▶ _Work order_
Could you output the whole listing exactly as it stands, minus any images?

** Dataset section follows **

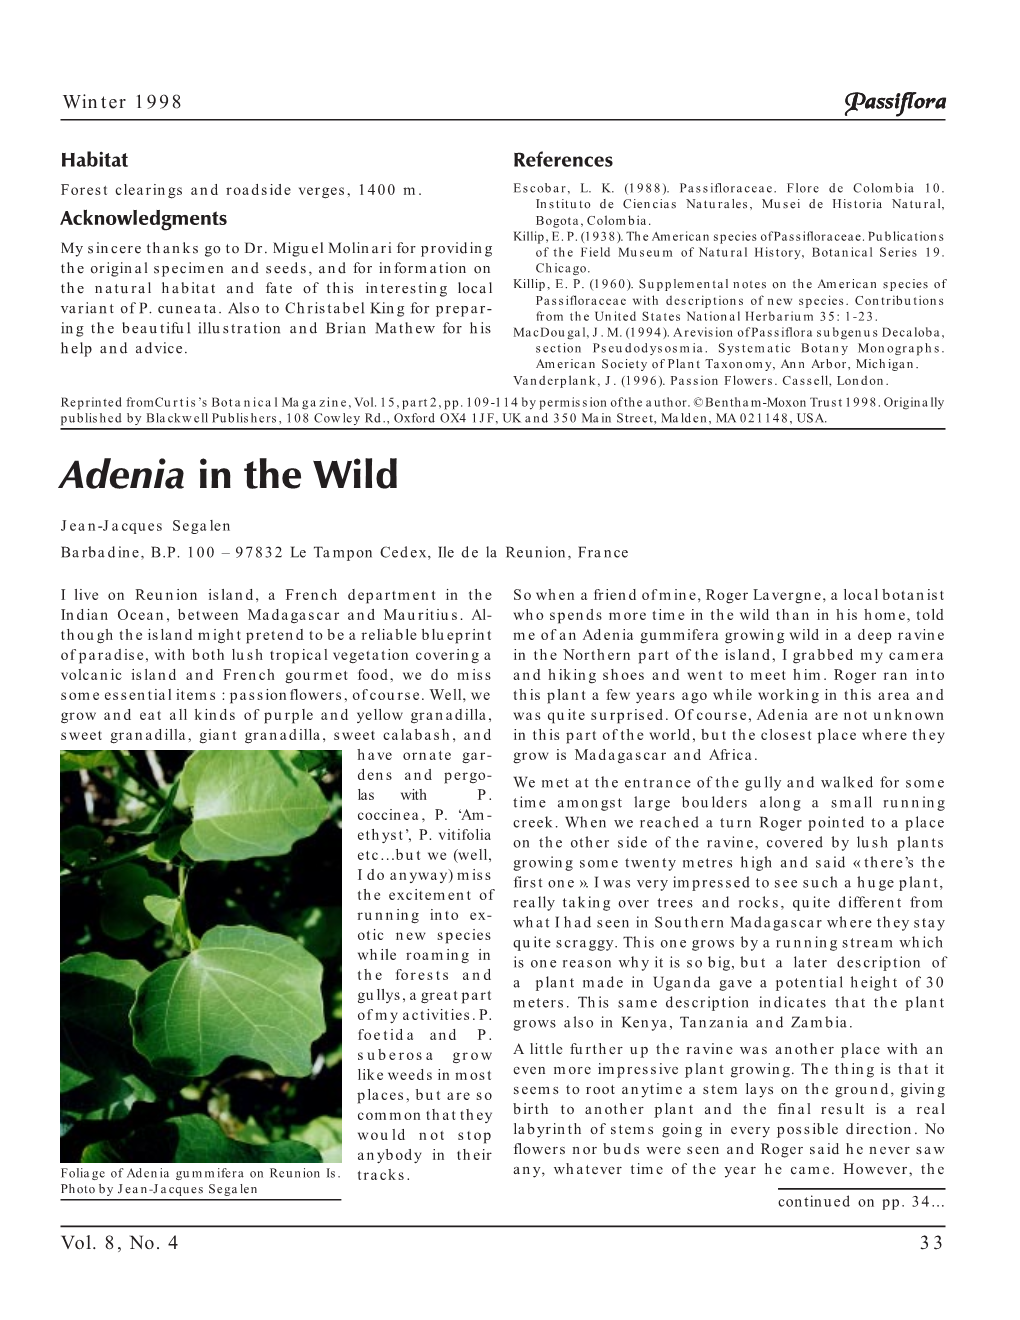 Adenia in the Wild
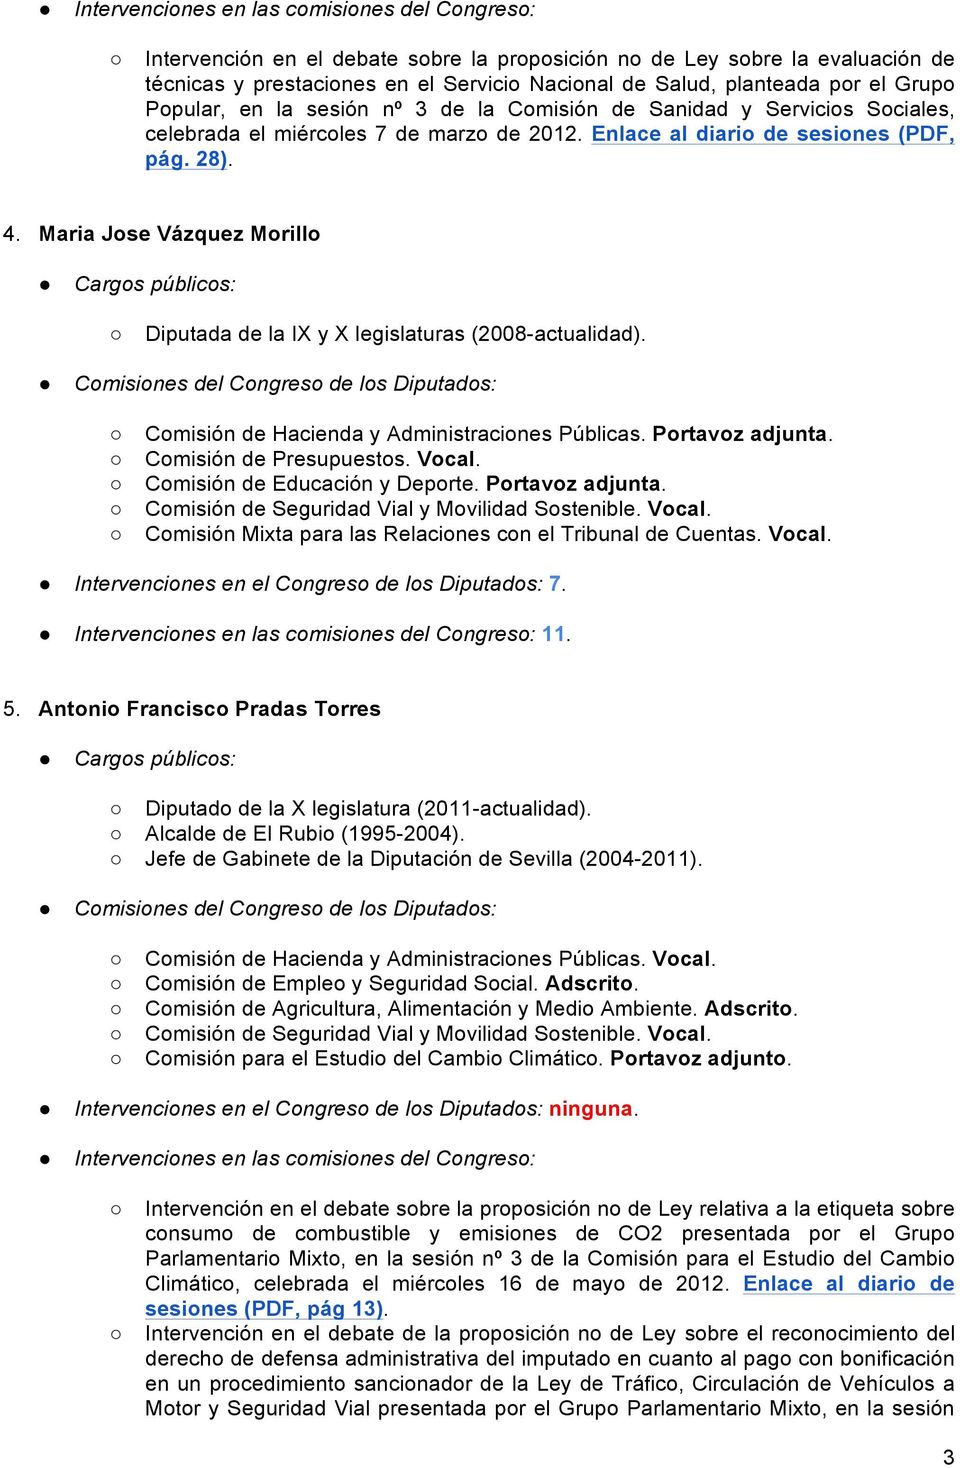 Maria Jose Vázquez Morillo Diputada de la IX y X legislaturas (2008-actualidad). Comisión de Hacienda y Administraciones Públicas. Portavoz adjunta. Comisión de Presupuestos. Vocal.
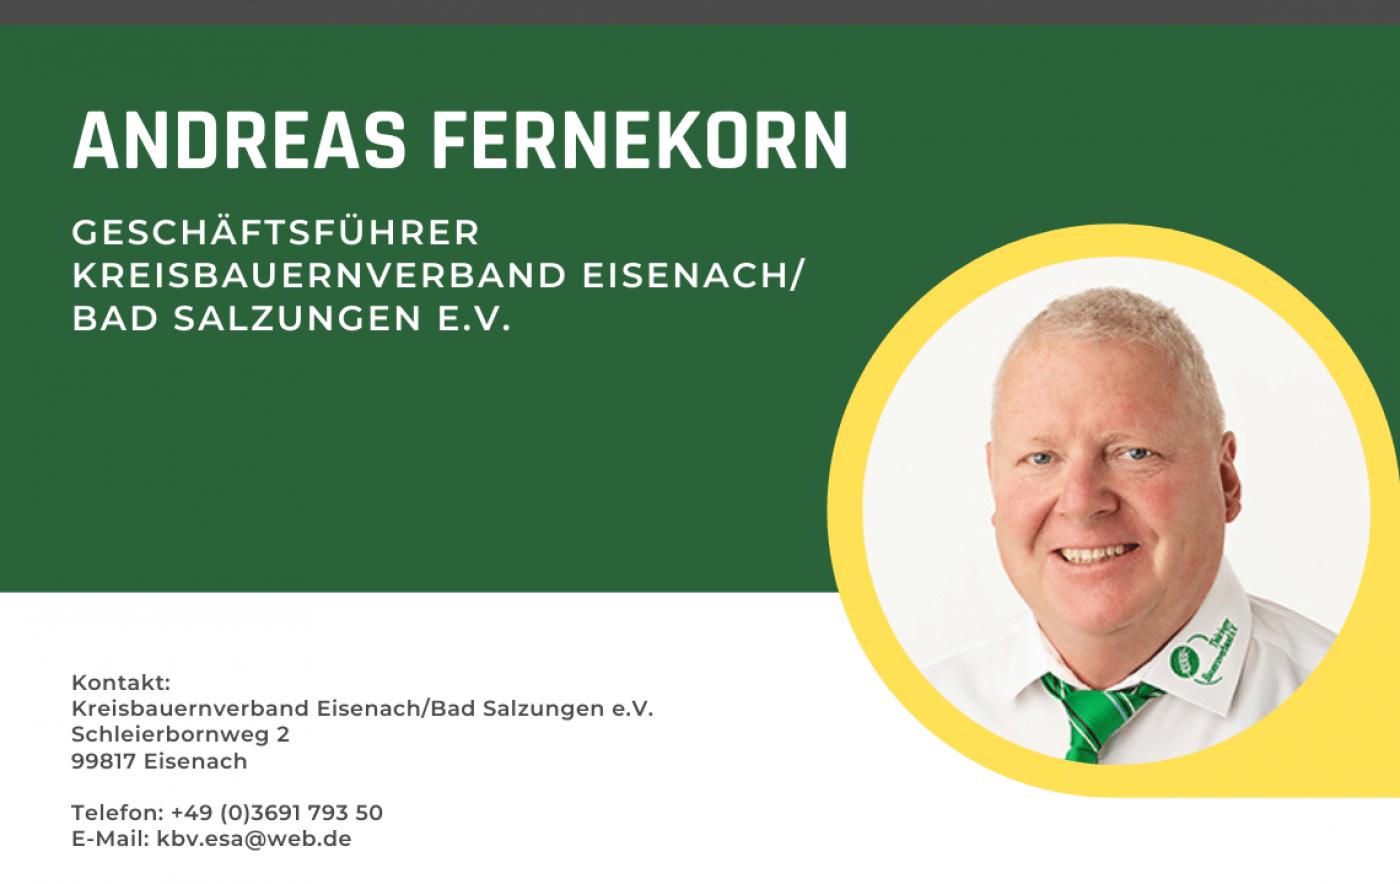 Kreisbauernverband Eisenach/Bad Salzungen mit neuer Geschäftsführung

** End of Dataset section **

▶ _Response to the exercise_
 Adenia in the Wild
 Maria Jose Vázquez Morillo Diputada de la IX y X legislaturas (2008-actualidad). Comisión de Hacienda y Administraciones Públicas. Portavoz adjunta. Comisión de Presupuestos. Vocal.
 Kreisbauernverband Eisenach/Bad Salzungen mit neuer Geschäftsführung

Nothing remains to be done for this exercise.